Try it = From the line containing "MAX STUDIO Stripe" to the last line of the listing, transcribe exactly and add nothing else; keep both ends and omit pictures.

++++ Data ++++

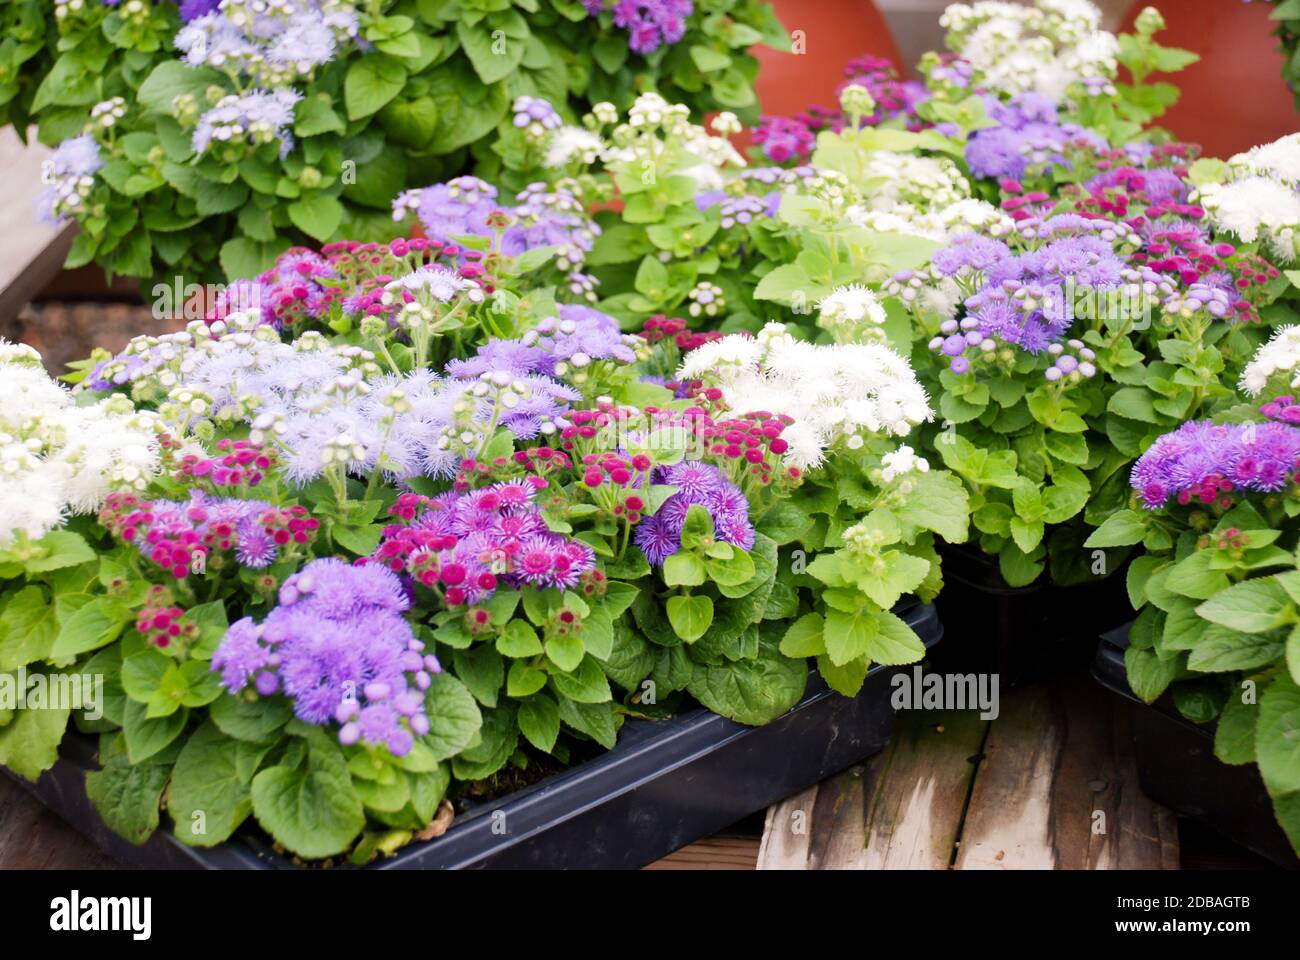 Ageratum, Mixed ageratum, Mixed color pot plants in the black tray. Stock Photo
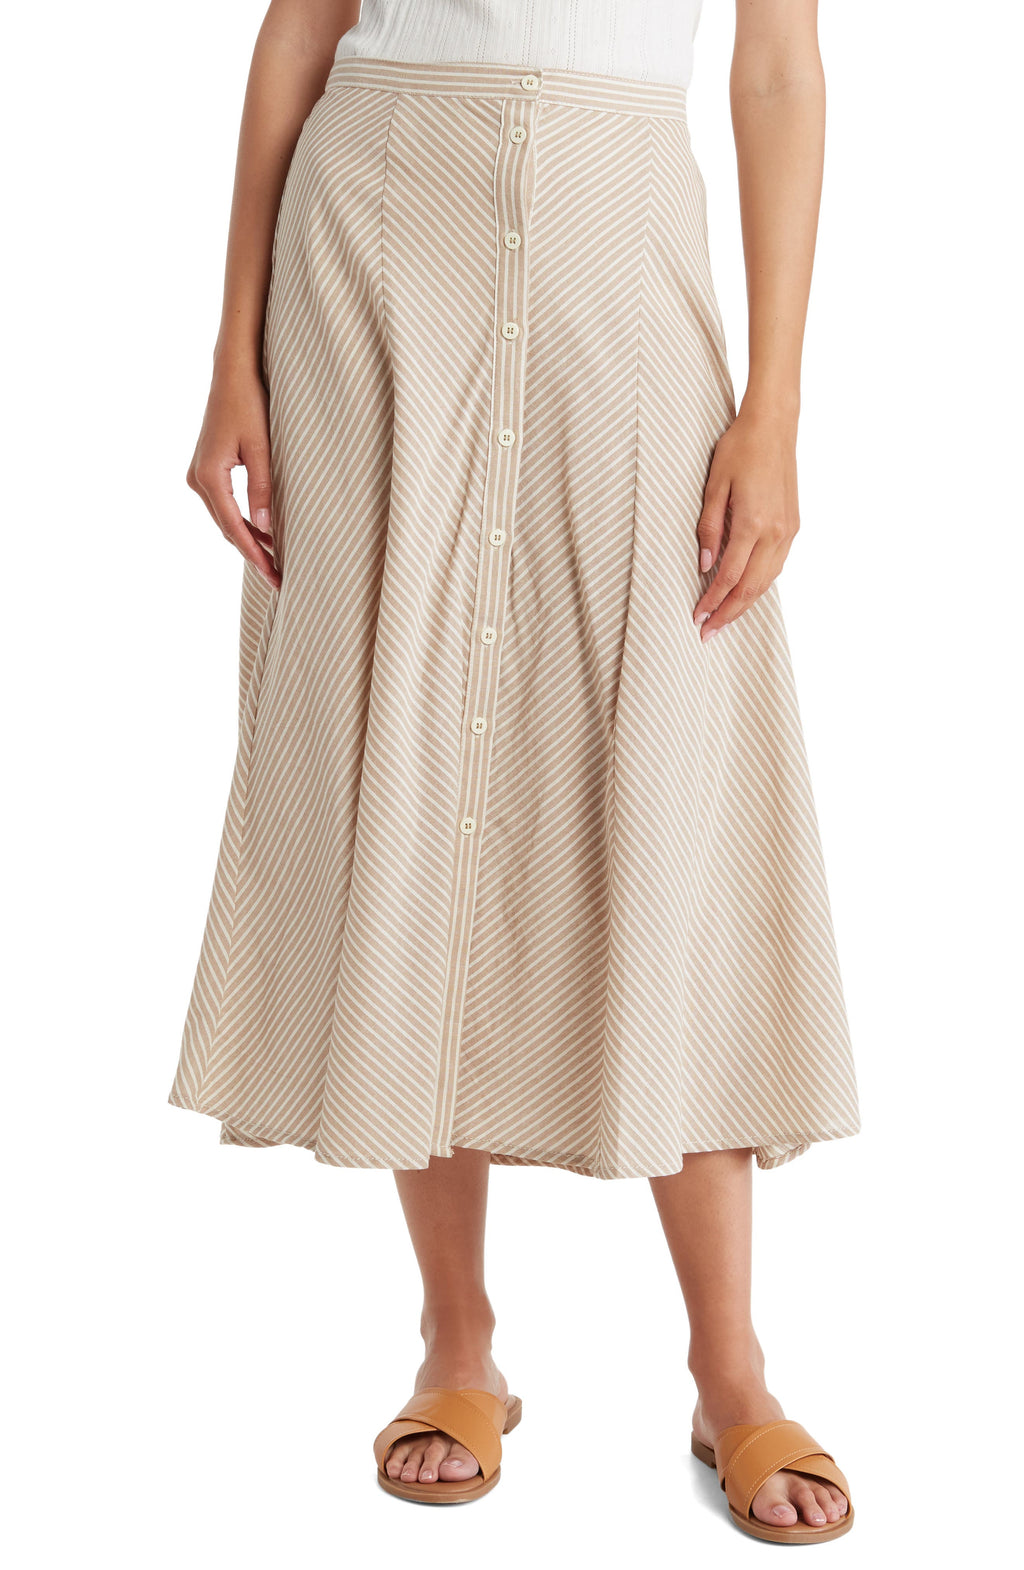 MAX STUDIO Stripe Button Front Cotton Skirt, Main, color, KHAKI/ WHITE STRIPE
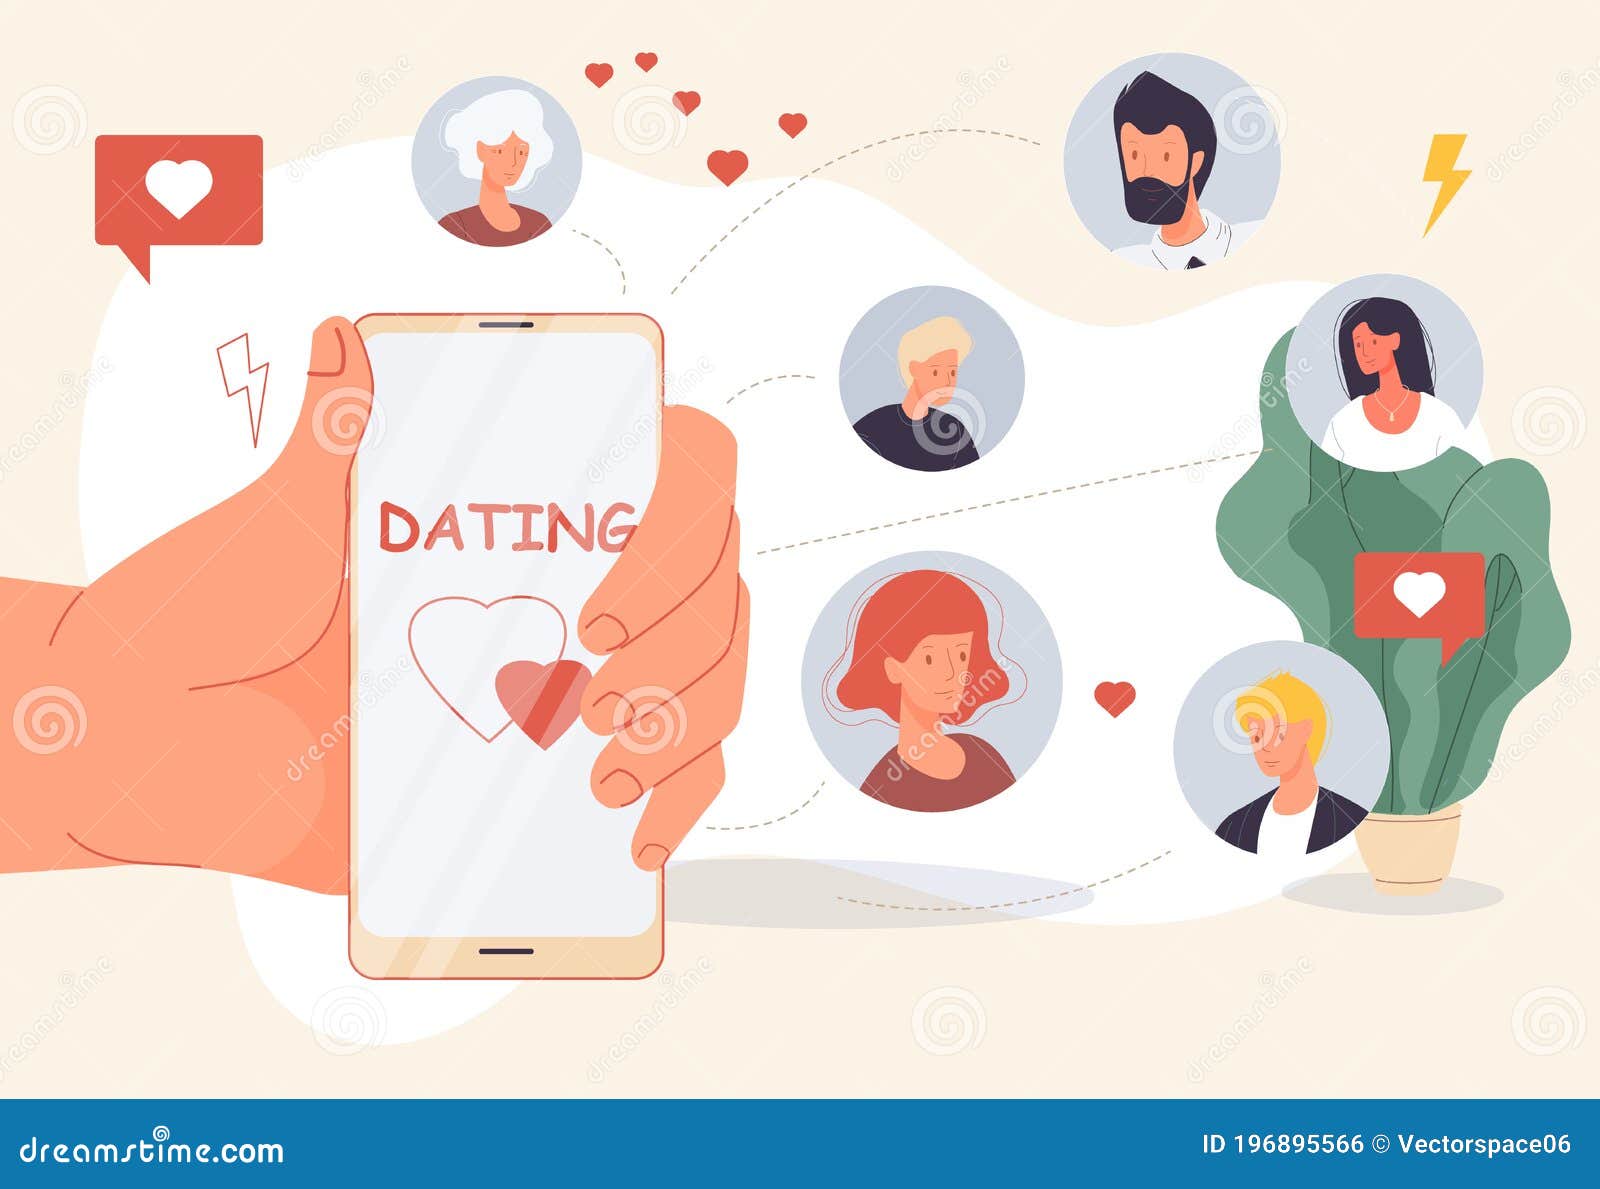 virtual avatar dating
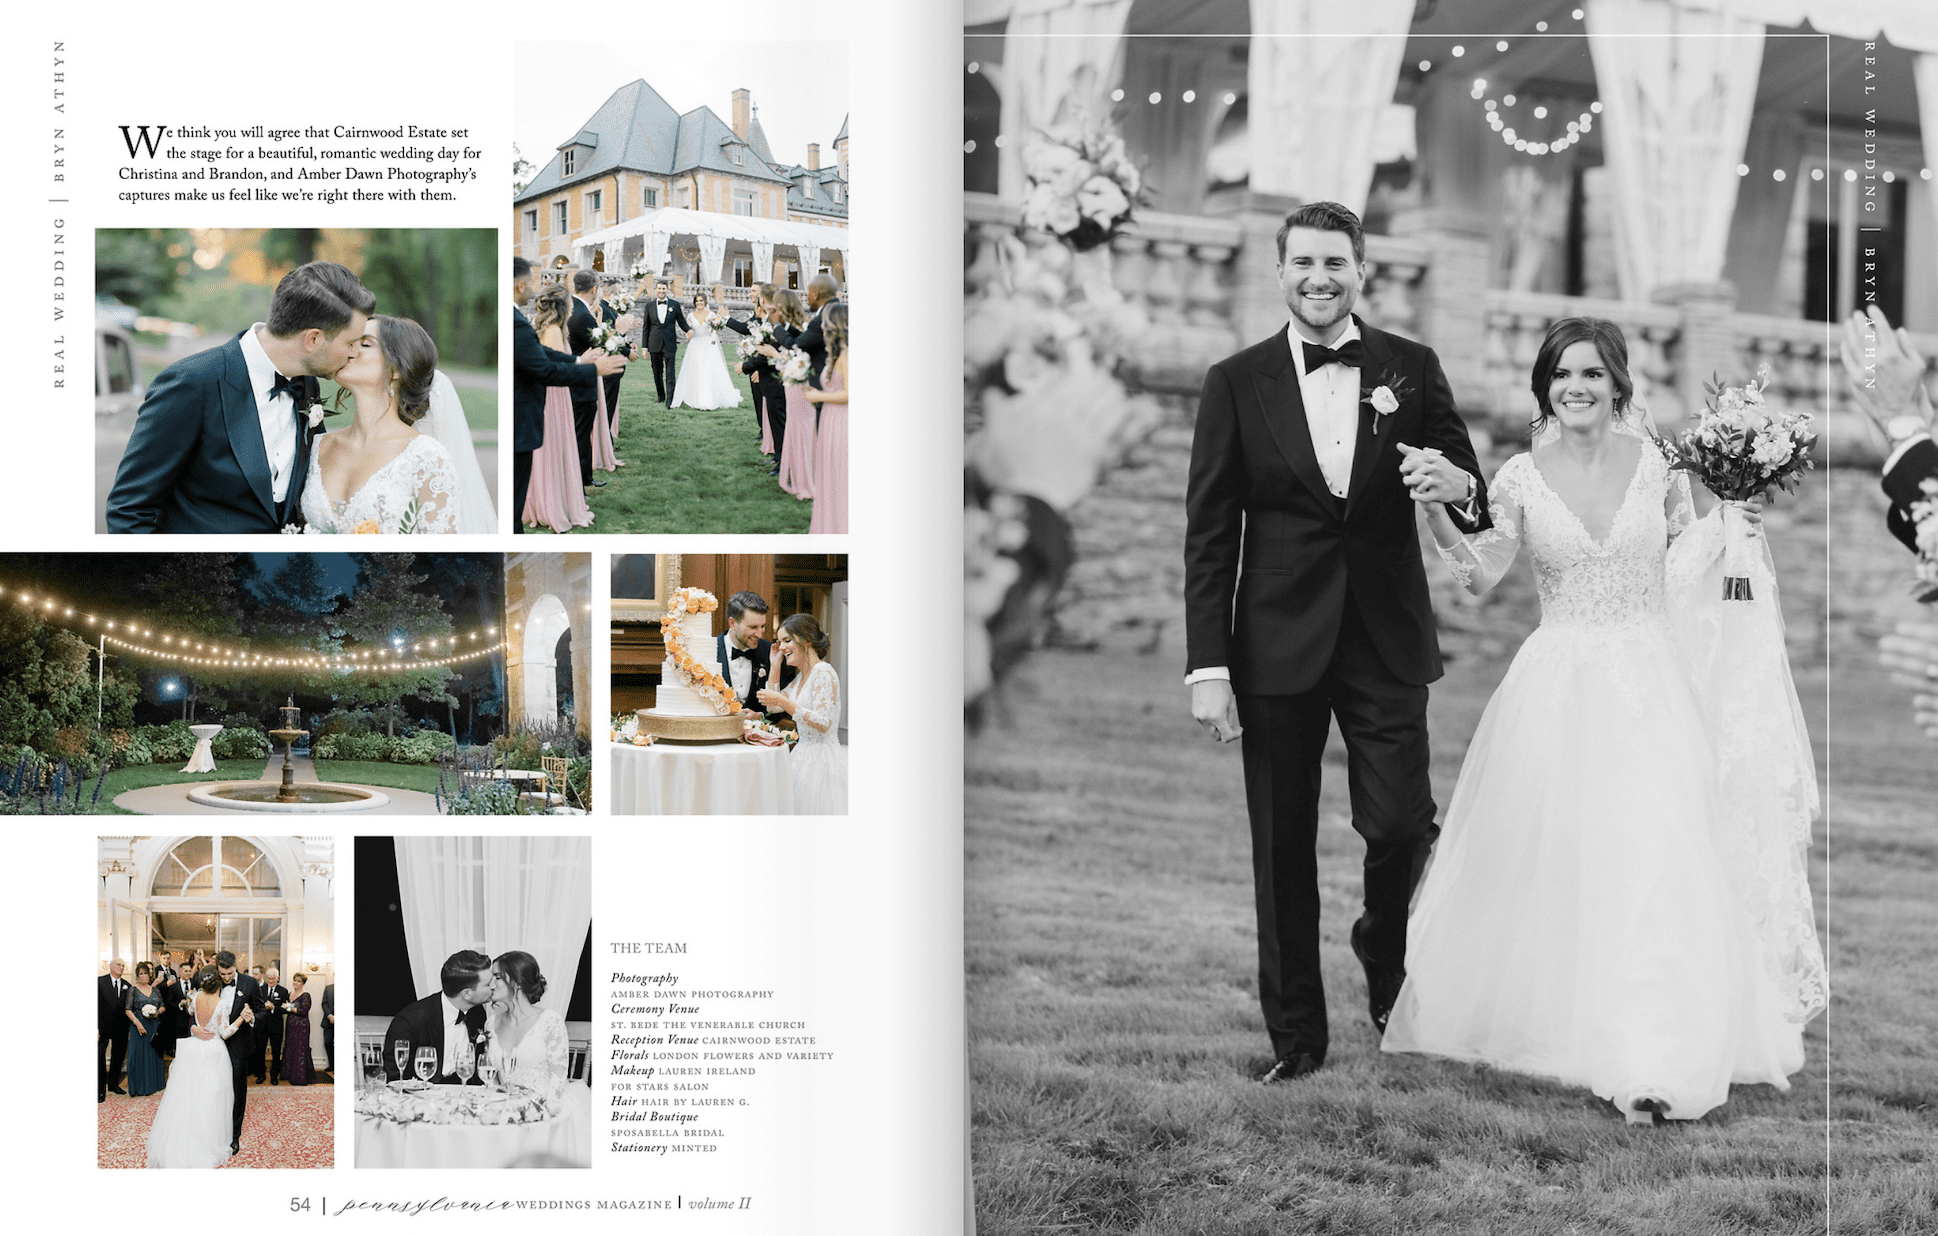 magazine spread of Philadelphia wedding at Cairnwood estate

++++

Solution below =
 MAX STUDIO Stripe Button Front Cotton Skirt, Main, color, KHAKI/ WHITE STRIPE
 virtual avatar dating
 magazine spread of Philadelphia wedding at Cairnwood estate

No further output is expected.